| Information provided |
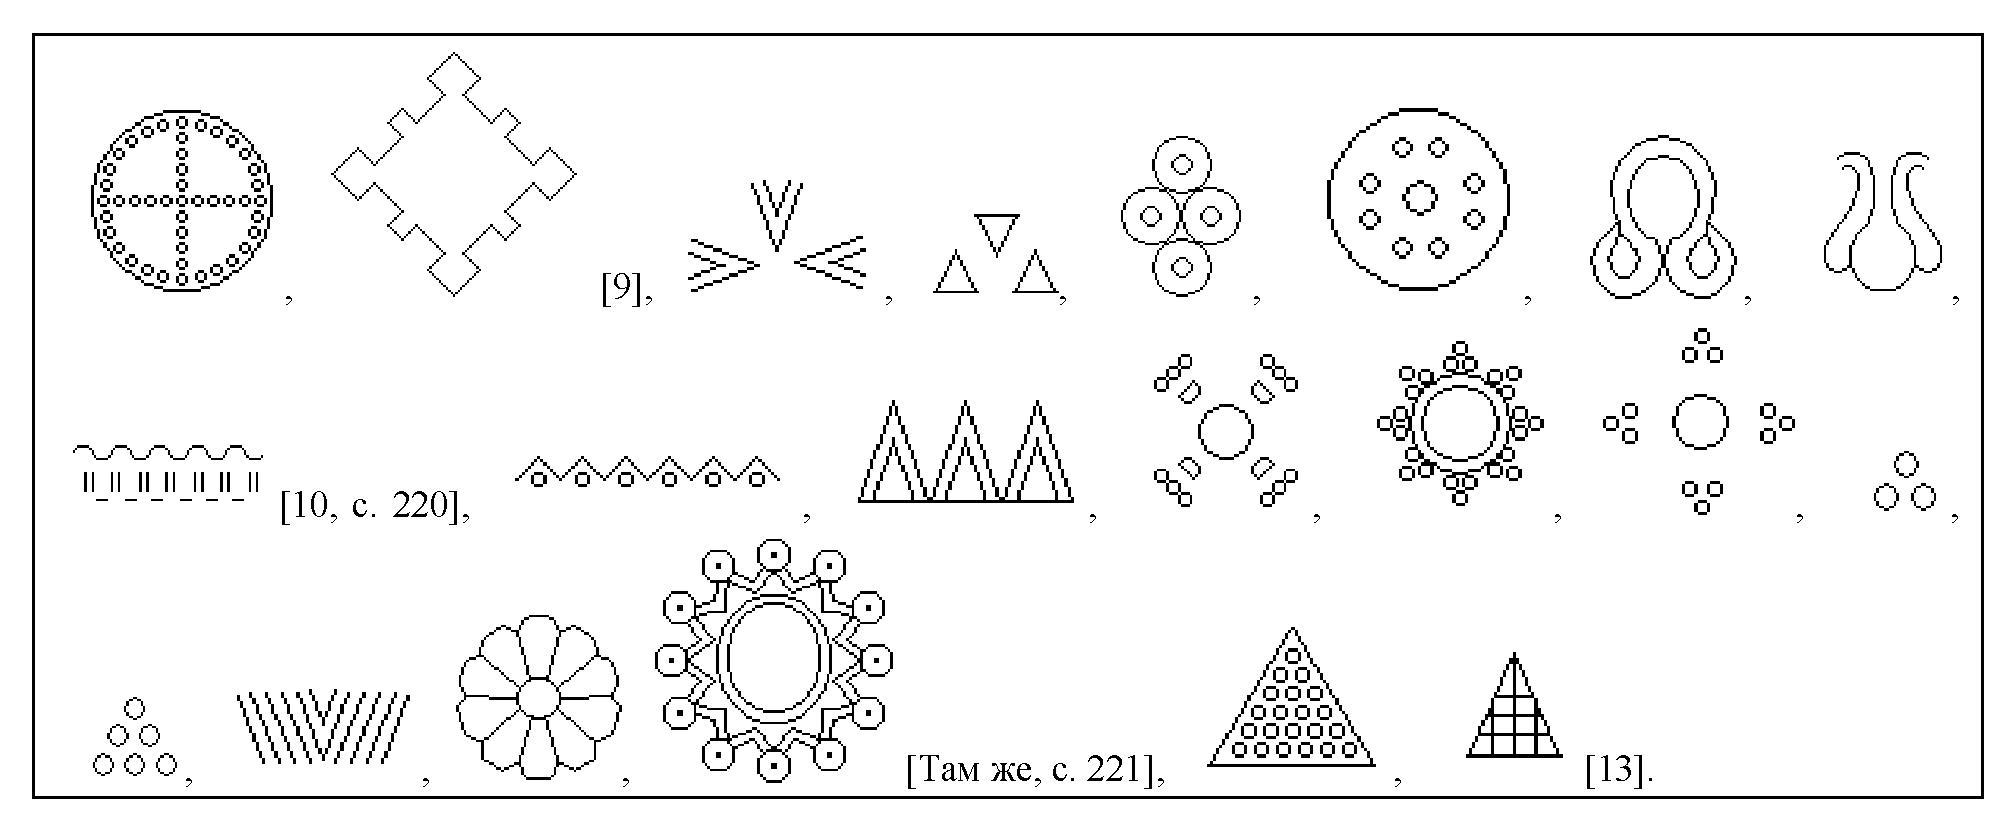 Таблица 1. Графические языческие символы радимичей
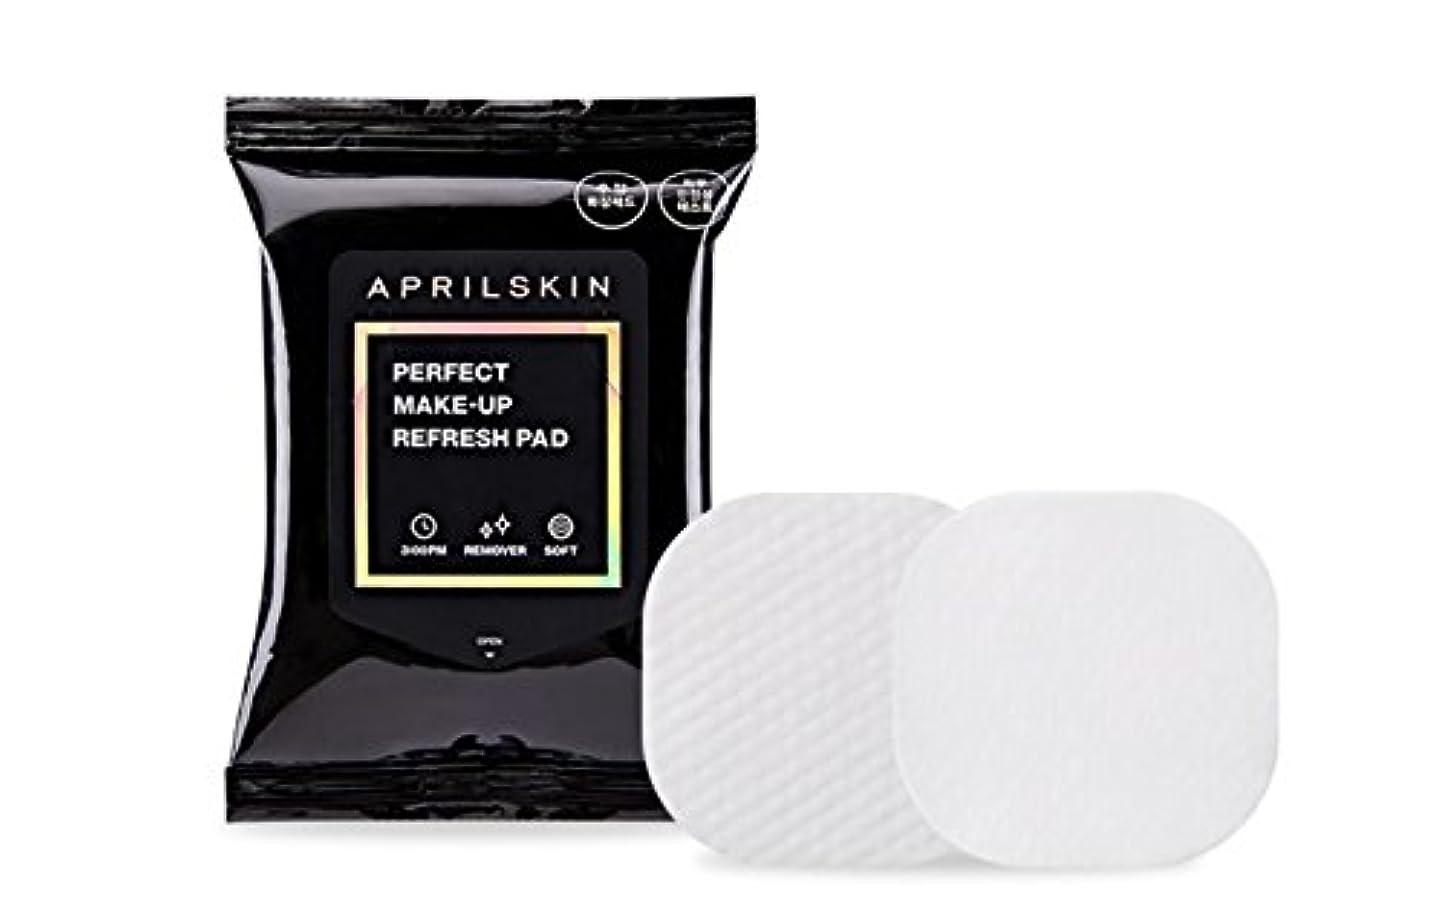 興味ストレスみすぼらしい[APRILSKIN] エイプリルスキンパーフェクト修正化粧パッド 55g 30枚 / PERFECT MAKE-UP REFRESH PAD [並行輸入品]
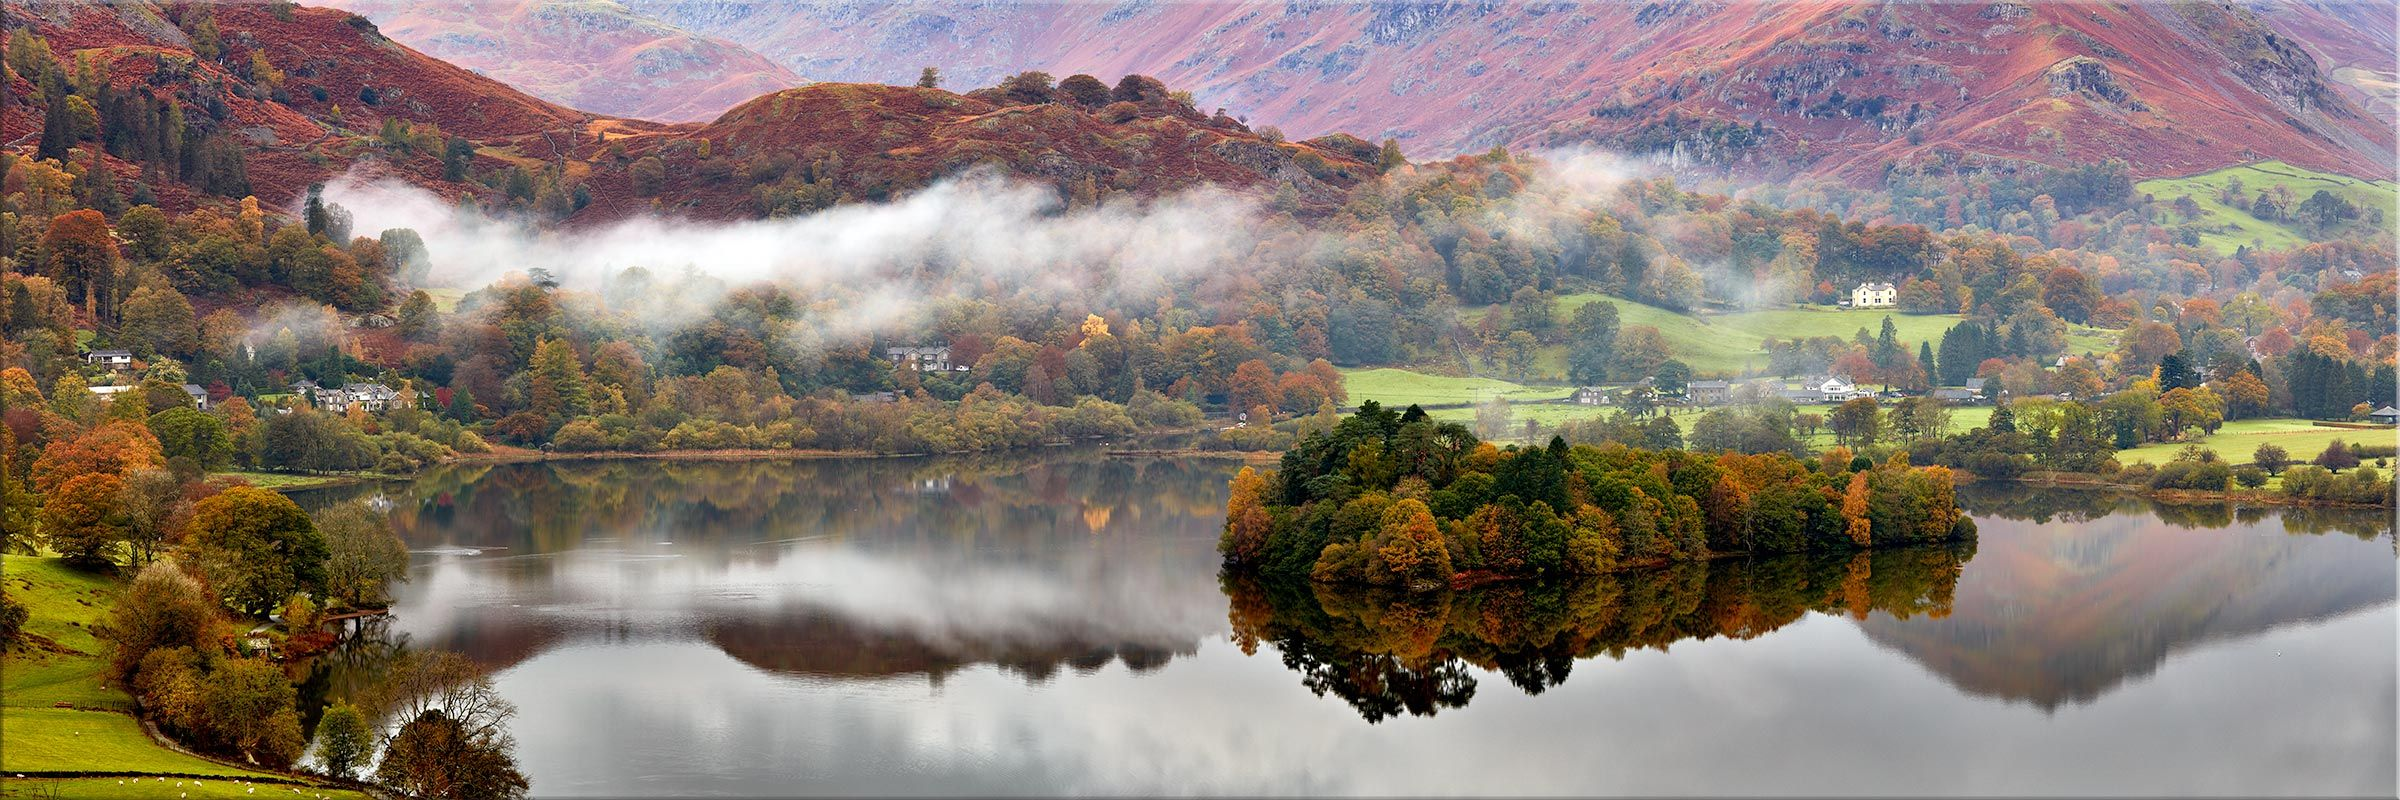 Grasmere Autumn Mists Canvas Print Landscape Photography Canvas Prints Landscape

| Task brief |
Please retype the listing exactly, leaving out any images.

| Written reply |
 Таблица 1. Графические языческие символы радимичей
 興味ストレスみすぼらしい[APRILSKIN] エイプリルスキンパーフェクト修正化粧パッド 55g 30枚 / PERFECT MAKE-UP REFRESH PAD [並行輸入品]
 Grasmere Autumn Mists Canvas Print Landscape Photography Canvas Prints Landscape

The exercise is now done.